Well that's up to you.   I'm on the 6 month jump for Tmobile so I have a different perspective.  If I were in your shoes sms paying cash I probably would be waiting 18-24 months between phones as I would want to to be at least twice as fast.


----------



## nerwin (Aug 28, 2016)

So the S7 should be a good performer for a couple years?


----------



## jake337 (Aug 28, 2016)

I would think so.   I think I would be fine with a Note 4 right now if i wasn't on the jump plan.


----------



## nerwin (Aug 28, 2016)

Its just a tough decision, never dumped that much money into a phone before haha. But sick and tired of my cheap crap phones! Besides, I'm selling my Galaxy Tab S2, so it wont be SOO bad.


----------



## jake337 (Aug 28, 2016)

nerwin said:


> Its just a tough decision, never dumped that much money into a phone before haha. But sick and tired of my cheap crap phones!

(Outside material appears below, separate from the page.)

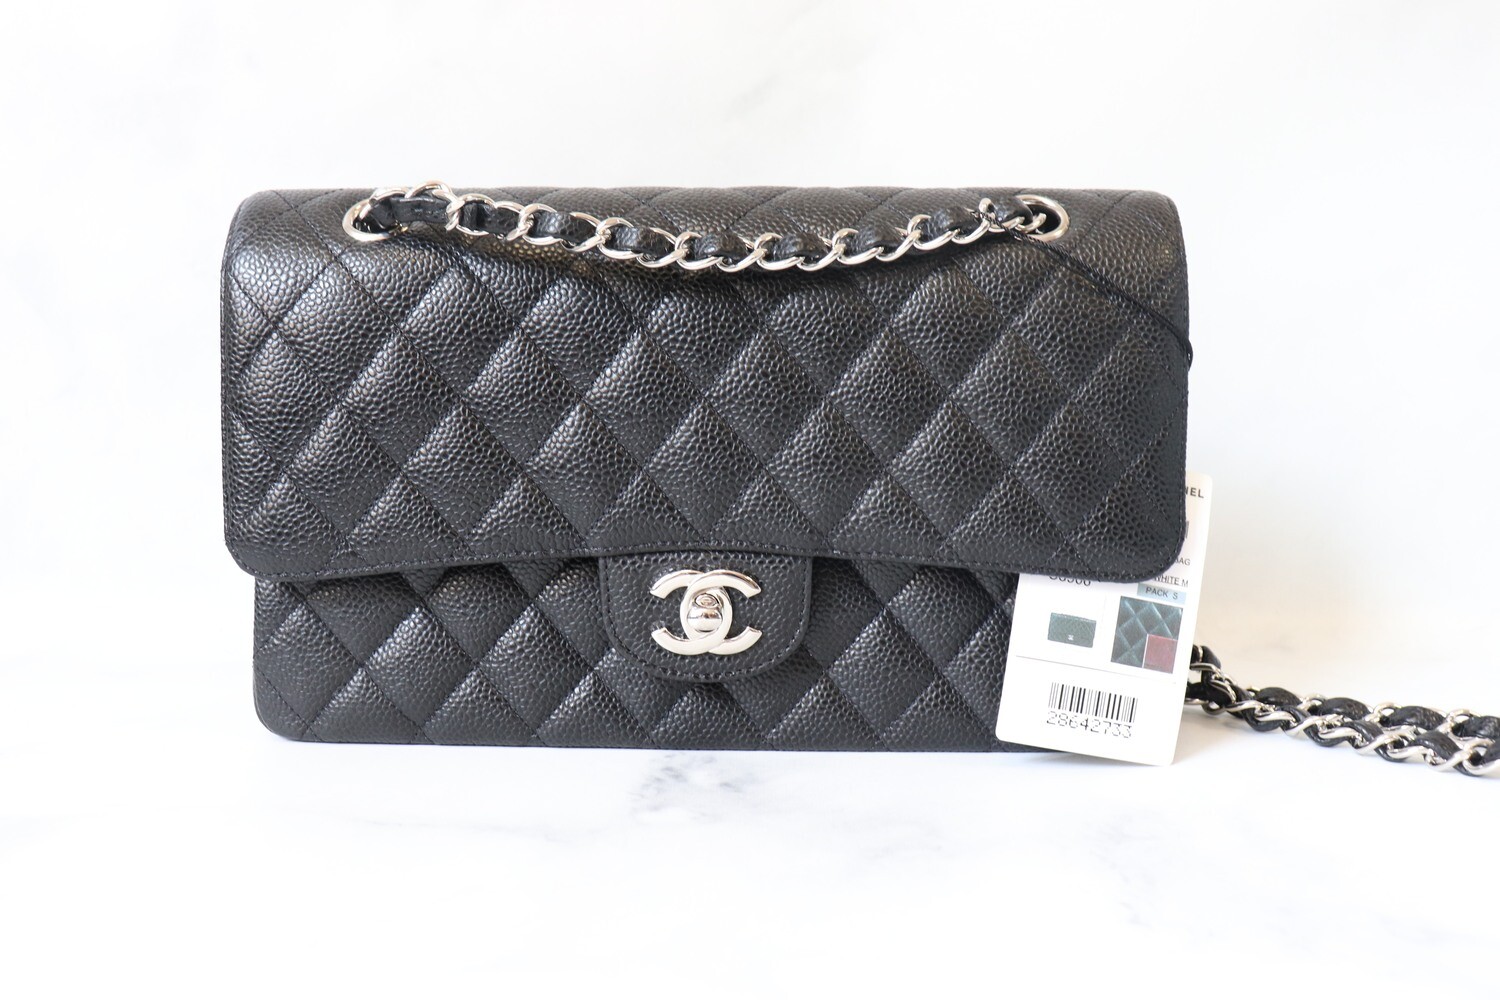 Shop authentic new, pre-owned, vintage Chanel classic flaps, 2.55

Besides, I'm selling my Galaxy Tab S2, so it wont be SOO bad.



I never real did either tool they started the whole jump program. 

Have you checked craiglist and EBay?  They have been doing allot of S7 but one, get one free deals lately and people might be dumping their extra phones.   I almost sold my free one but I am too nice and added a life for my brother-in-law instead.

Who's your carrier and how much is your bill?  Lol i sound like at tmobile rep.


----------



## weepete (Aug 28, 2016)

I've been looking for a new phone as my contract is up now for my old S5. Been trying to decide between the S7 edge and the note 7, but there is still a few things I'm not sold on yet. The camera looks great (I liked the S6 pro mode on my daughters phone) but I really wish they'd stop adding so much bloatware and have the option to run clean versions of android. The waterproofing is a must have for me too.


----------



## nerwin (Aug 28, 2016)

I pay $100/yr for 1000 minutes. No data. Its super cheap. I don't need data as I'm in wifi 95 percent of the time. The other 5 percent, I don't need to be on my phone lol. 

I thought about getting one on eBay, but I just don't trust it and besides if I buy via Samsung directly, I get a free Gear VR!


----------



## jake337 (Aug 28, 2016)

nerwin said:


> I pay $100/yr for 1000 minutes. No data. Its super cheap. I don't need data as I'm in wifi 95 percent of the time. The other 5 percent, I don't need to be on my phone lol.
> 
> I thought about getting one on eBay, but I just don't trust it and besides if I buy via Samsung directly, I get a free Gear VR!



$8 a month ain't too bad!  I'm paying 37x more,  lol.  For 6 lines though.

The S7/note 7/edge 7 have the best camera in a phone I've used.  Did you see my vegas thread awhile back?   The images on the strip were pretty clean for a cell phone at night. 

I sent you two more files to play with.   

If toy have Adobe cc you can down load the mobile app to view/edit the dng files on your phone.


----------



## nerwin (Aug 28, 2016)

Cool, I'll check them out. 

Yeah, I have Adobe CC. 

I seen a lot of reviews and the sample photos are no where near good as the raw files. 

Still debating if its worth it. I think it might be. I sold my RX100 M3 to help pay for the S7 so I better do it haha. For the type of photos I take wit the Rx100, I can easily take the same shots with the phone and be happy.


----------



## jake337 (Aug 28, 2016)

weepete said:


> I've been looking for a new phone as my contract is up now for my old S5. Been trying to decide between the S7 edge and the note 7, but there is still a few things I'm not sold on yet. The camera looks great (I liked the S6 pro mode on my daughters phone) but I really wish they'd stop adding so much bloatware and have the option to run clean versions of android. The waterproofing is a must have for me too.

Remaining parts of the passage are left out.